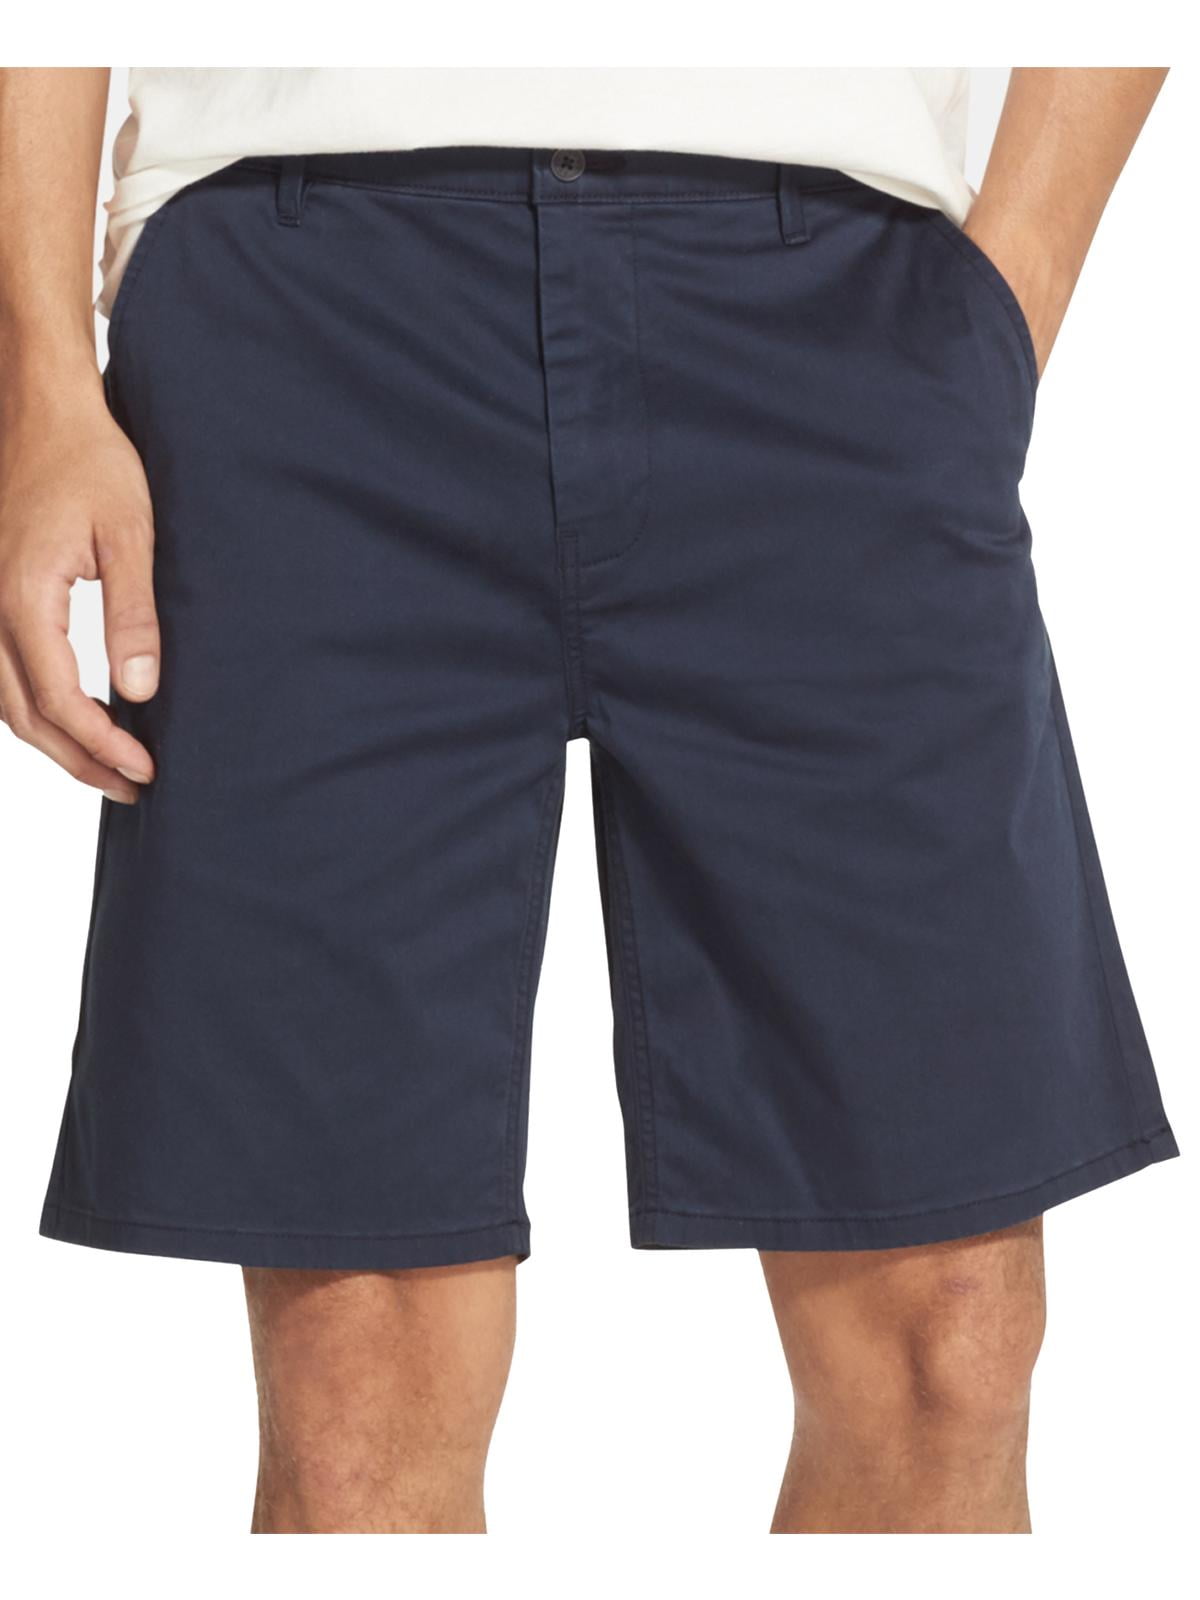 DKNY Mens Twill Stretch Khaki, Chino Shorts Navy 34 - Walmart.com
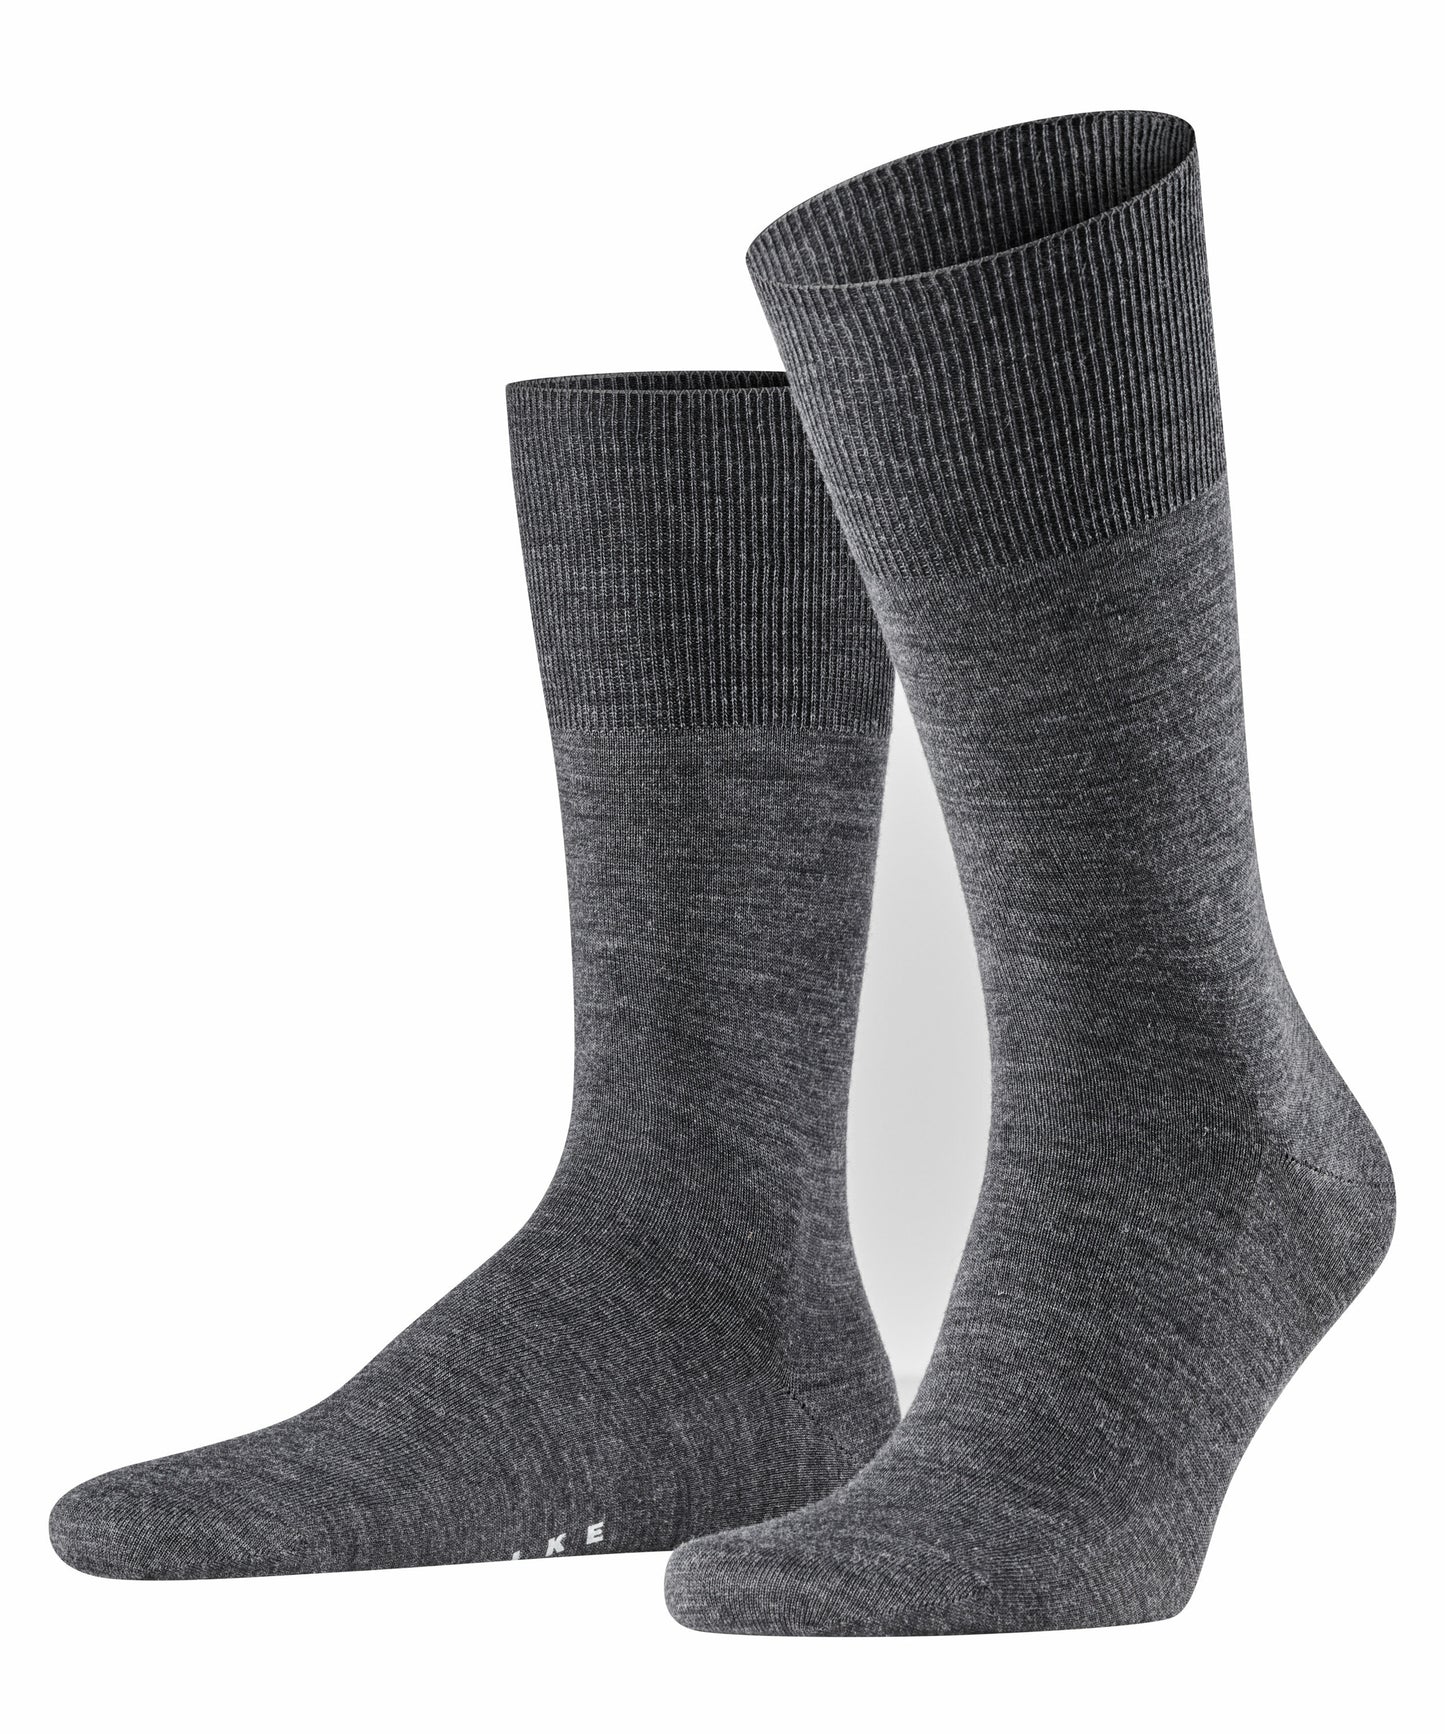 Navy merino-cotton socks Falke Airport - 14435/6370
· · · ·
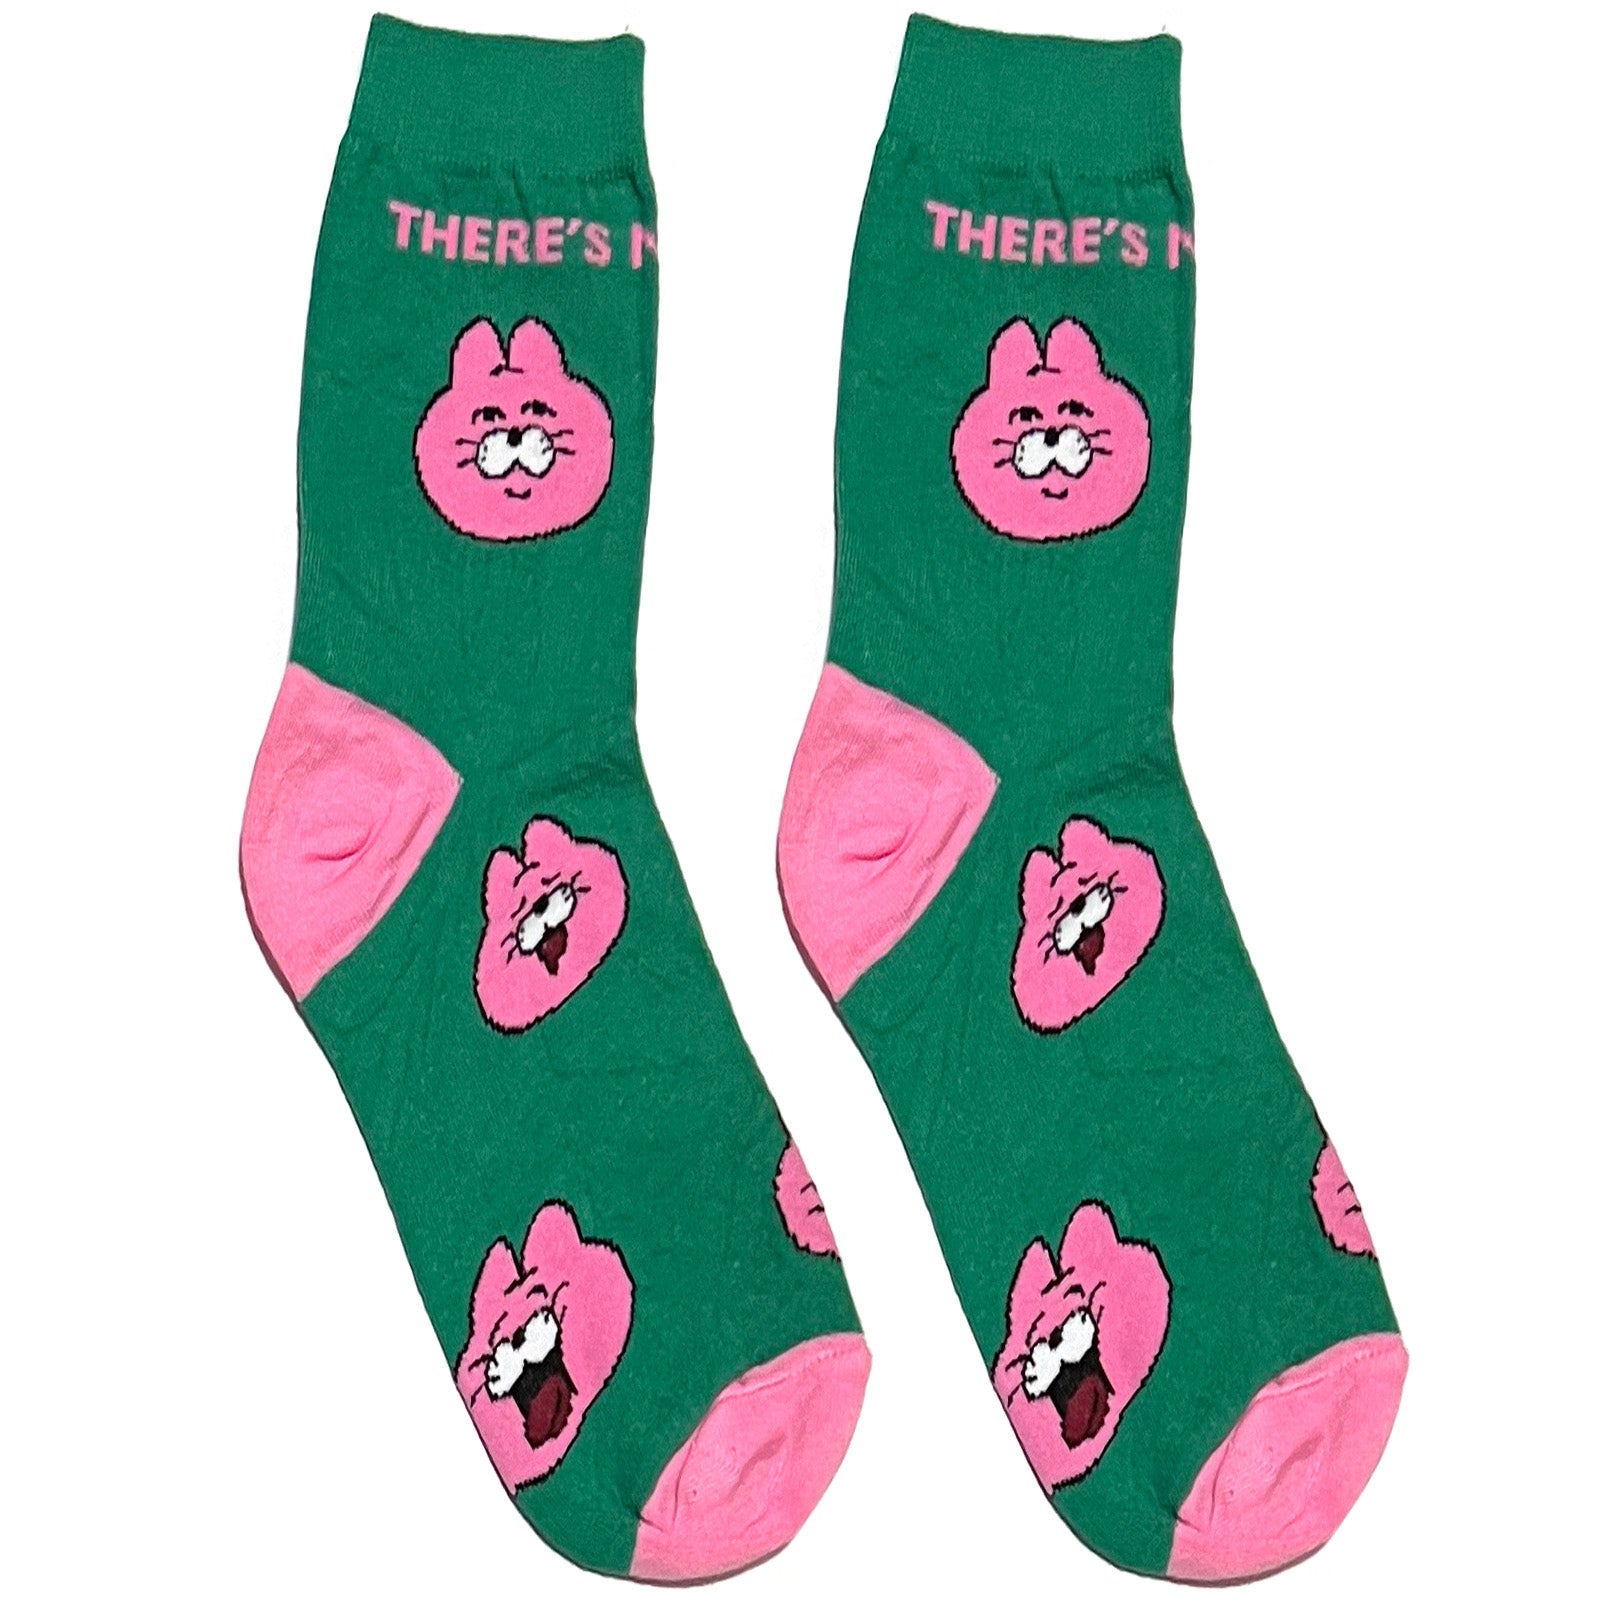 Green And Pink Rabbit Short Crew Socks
· · · ·
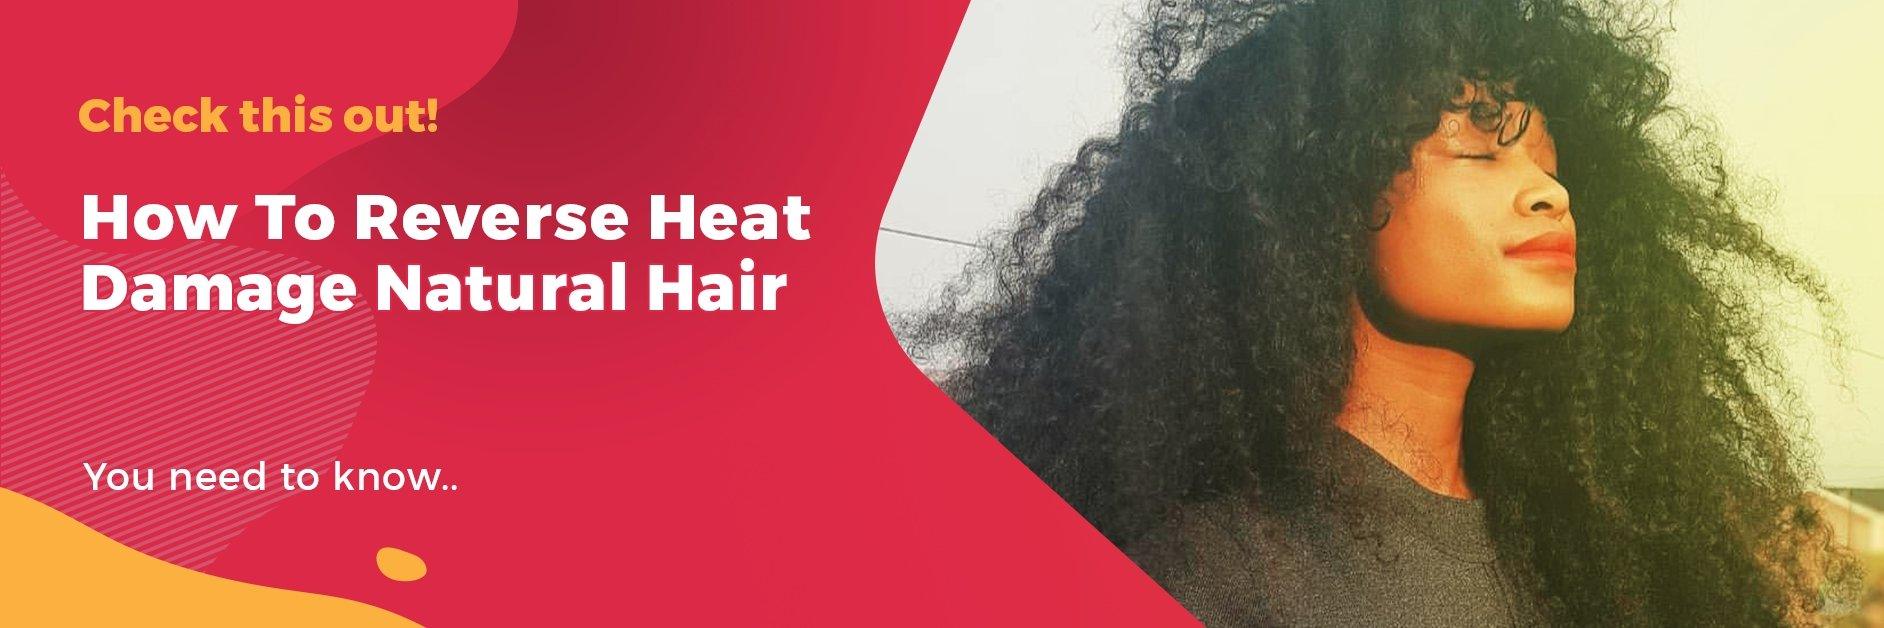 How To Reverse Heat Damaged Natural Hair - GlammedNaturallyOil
· · · ·
→ **Task objective**
Print everything from the line with "DKNY Mens Twill" down to the line with "Navy merino-cotton socks" in the entries above, both lines included and nothing more, without the pictures.

→ **Written answer**
 DKNY Mens Twill Stretch Khaki, Chino Shorts Navy 34 - Walmart.com
 Navy merino-cotton socks Falke Airport - 14435/6370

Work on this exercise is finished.